• _TASK REQUIREMENTS_:
From the first line to the last, set down the material exactly and drop every picture.

• _RAW DATA_:
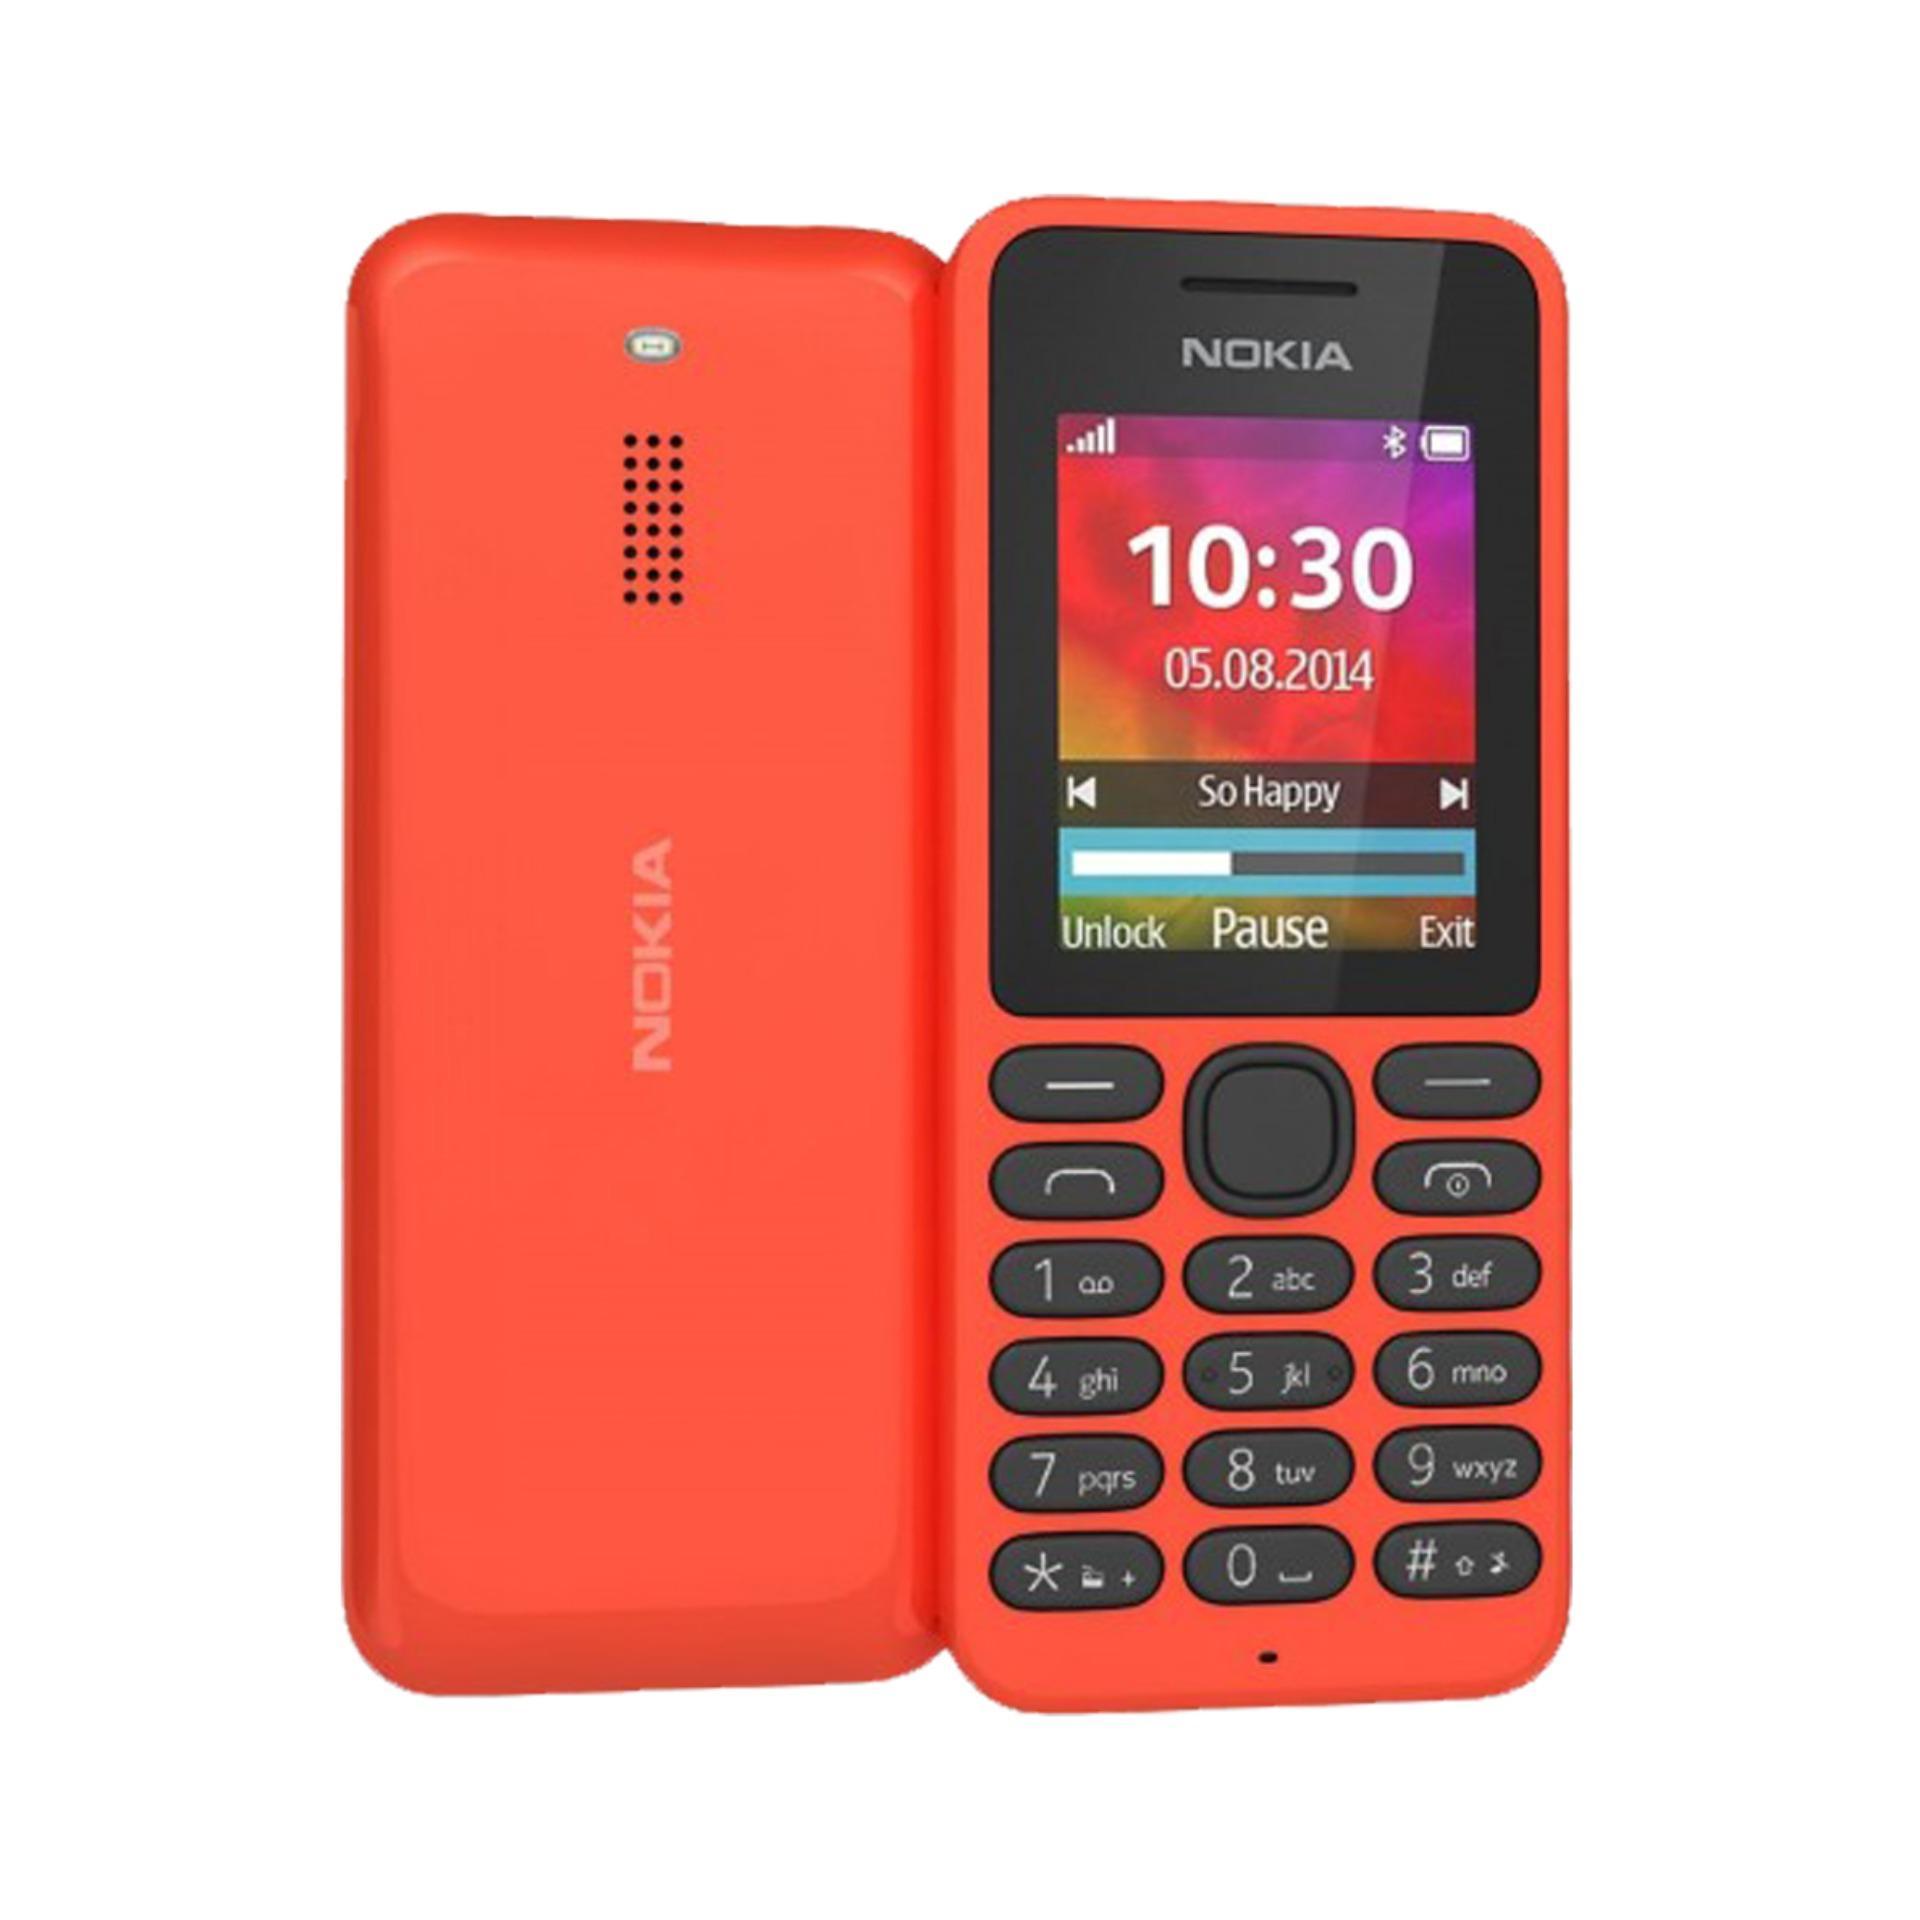 NOKIA 6300 - GARANSI 1 BULAN - BEST SELLER Nokia 130 Dual SIM Nokia 130 Dual SIM
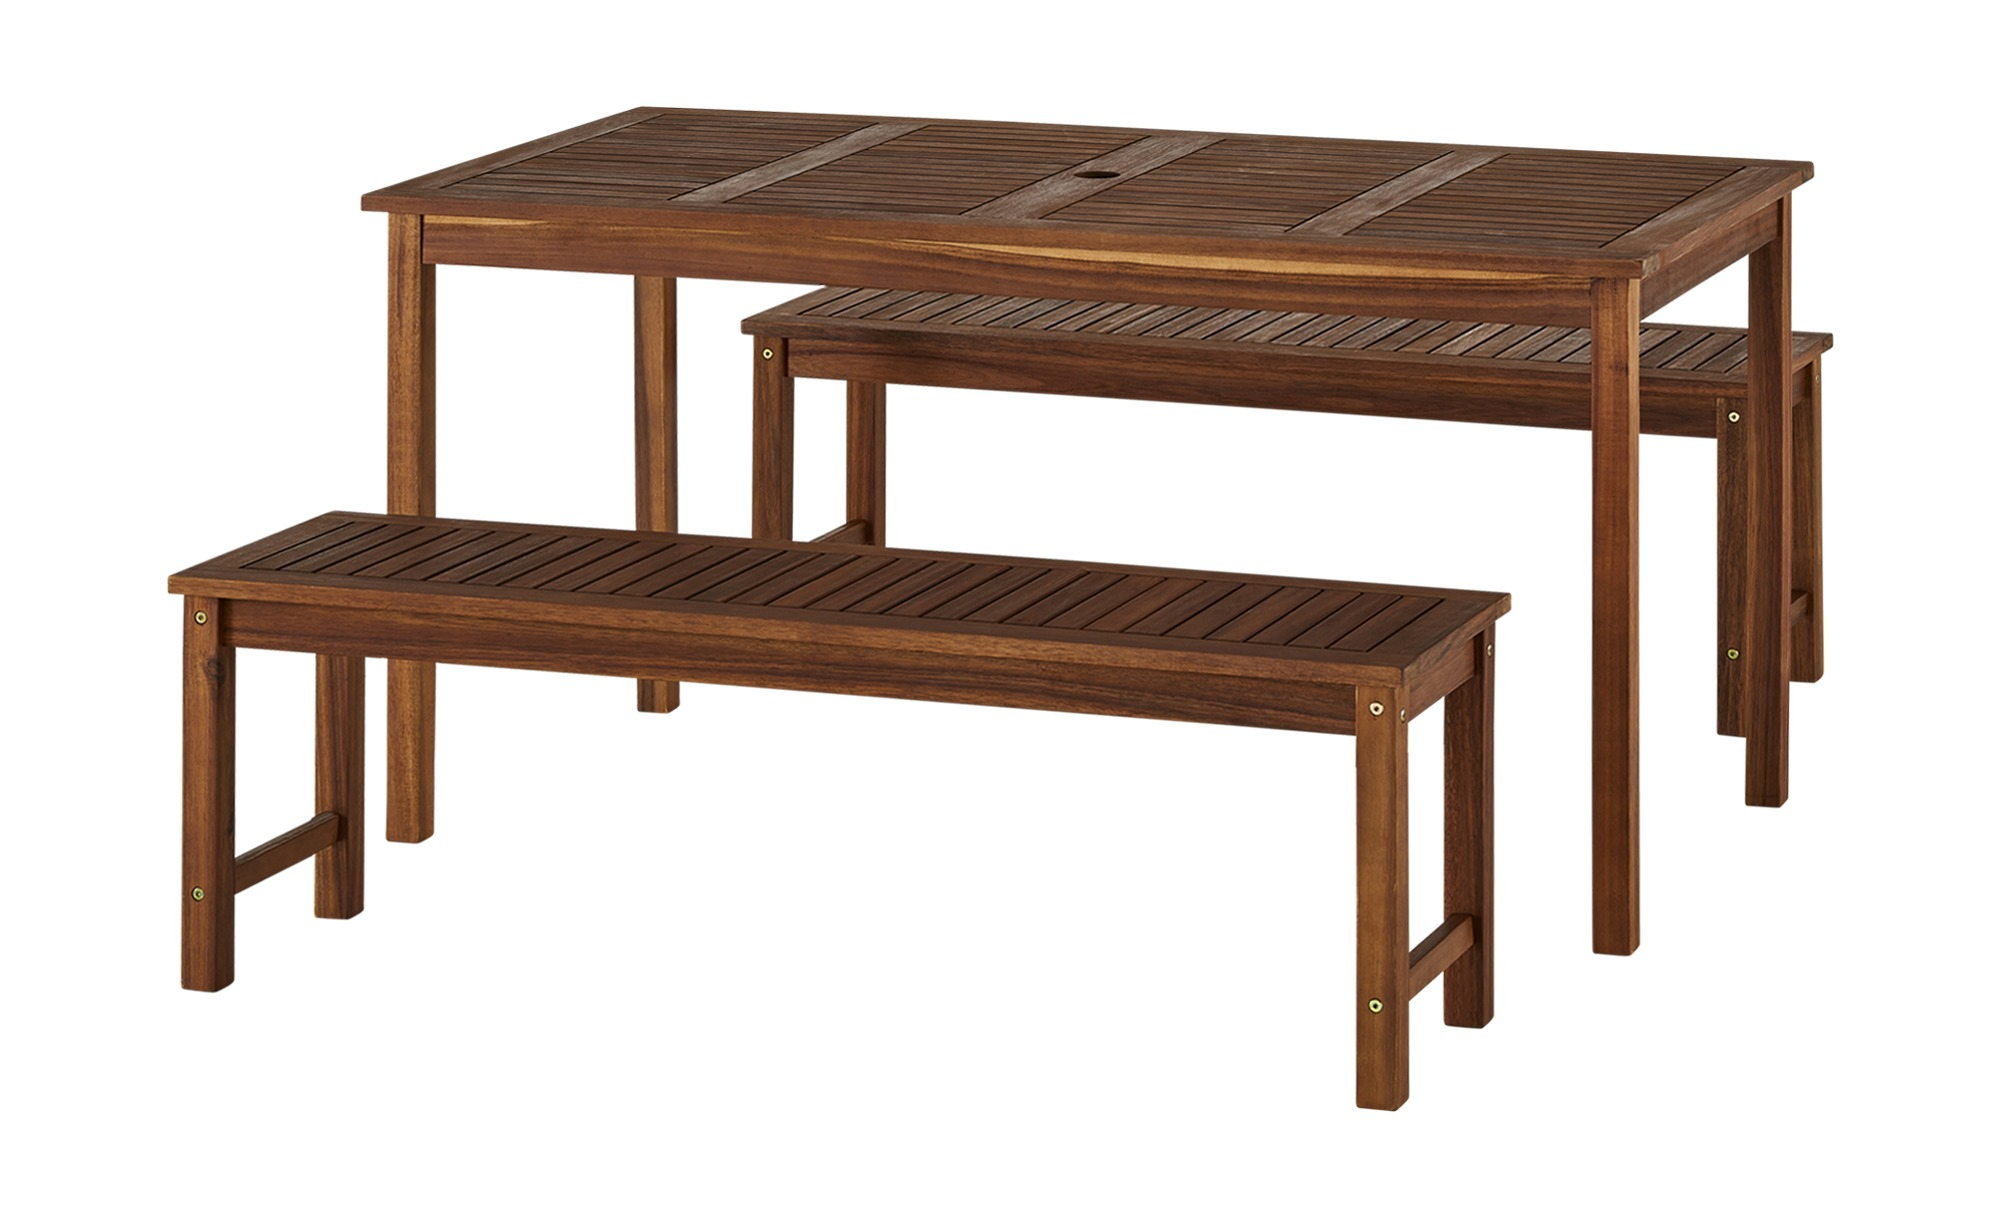 Holzfarben Holz Gartenmobel Set Online Kaufen Mobel
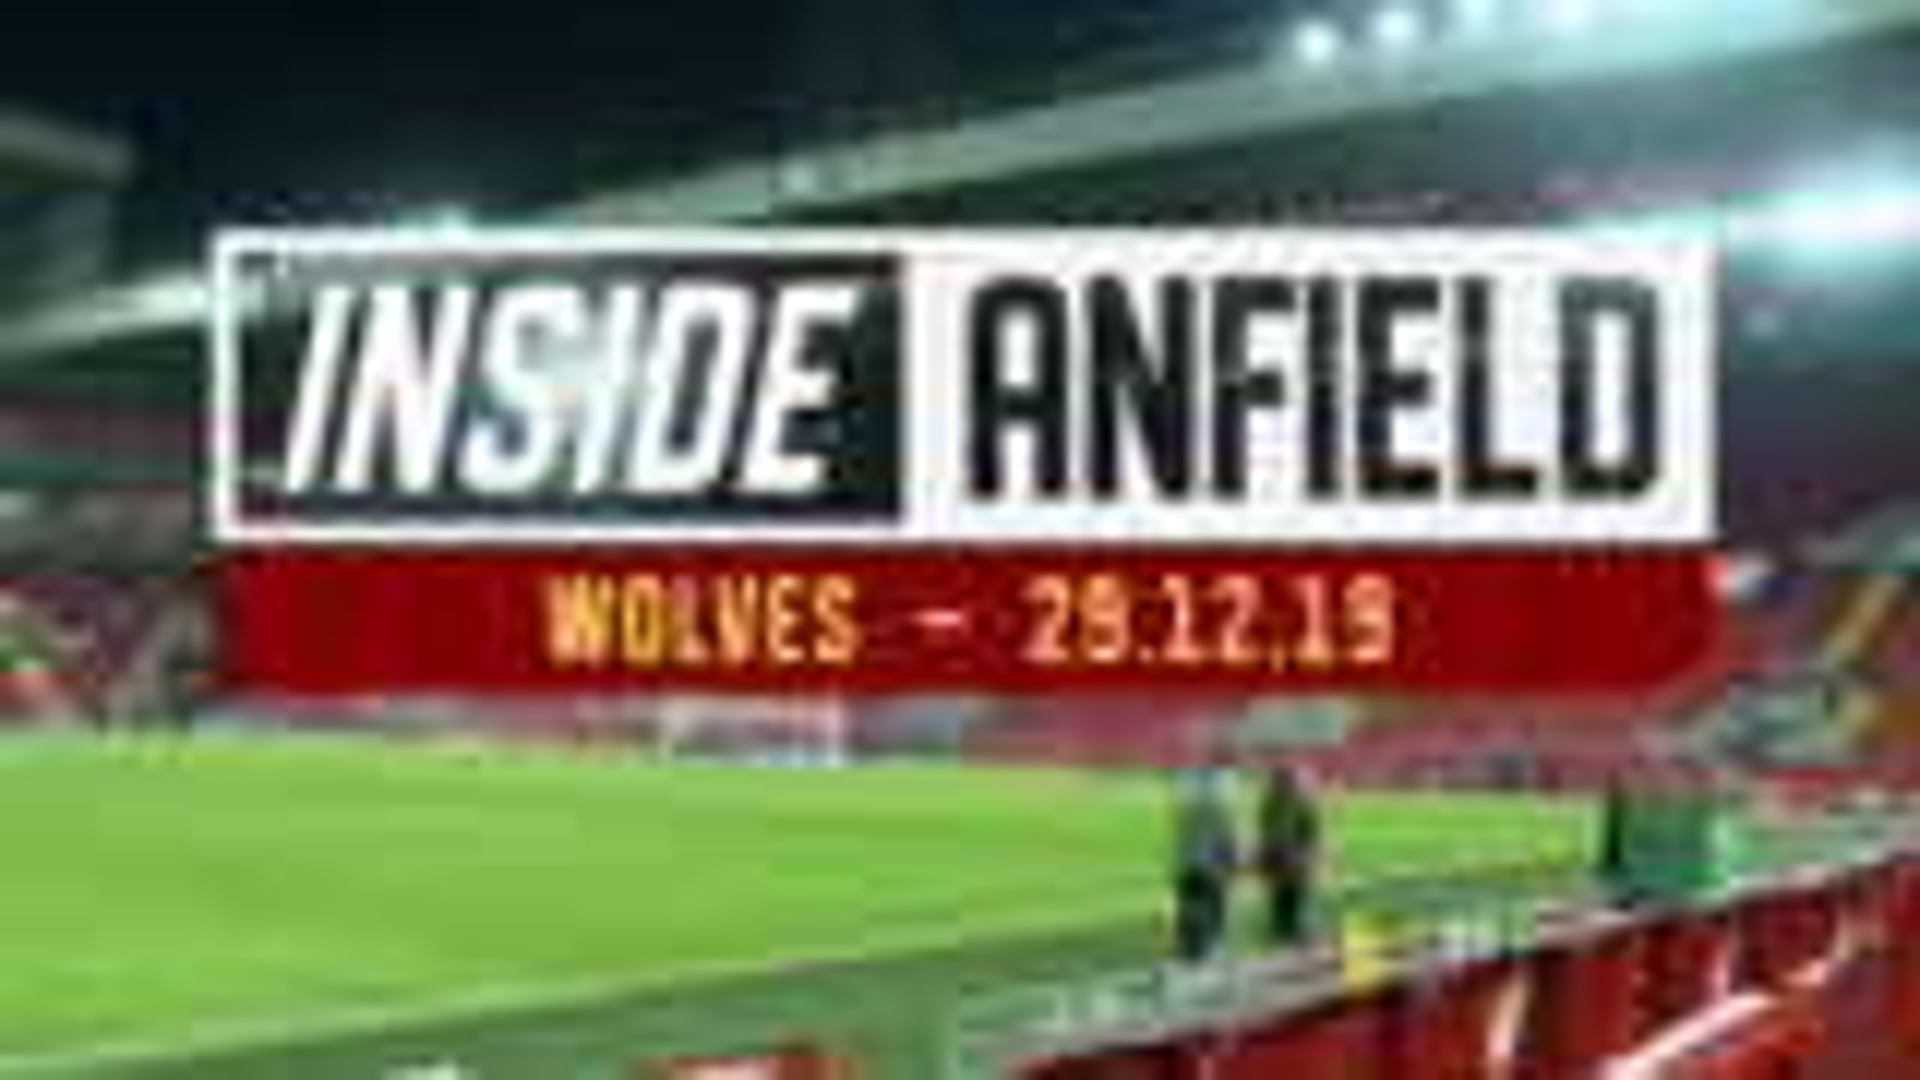 LFCTV【Inside Anfield】 - 利物浦 vs 狼队

• _TASK OUTPUT_:
 NOKIA 6300 - GARANSI 1 BULAN - BEST SELLER Nokia 130 Dual SIM Nokia 130 Dual SIM
 Holzfarben Holz Gartenmobel Set Online Kaufen Mobel
 LFCTV【Inside Anfield】 - 利物浦 vs 狼队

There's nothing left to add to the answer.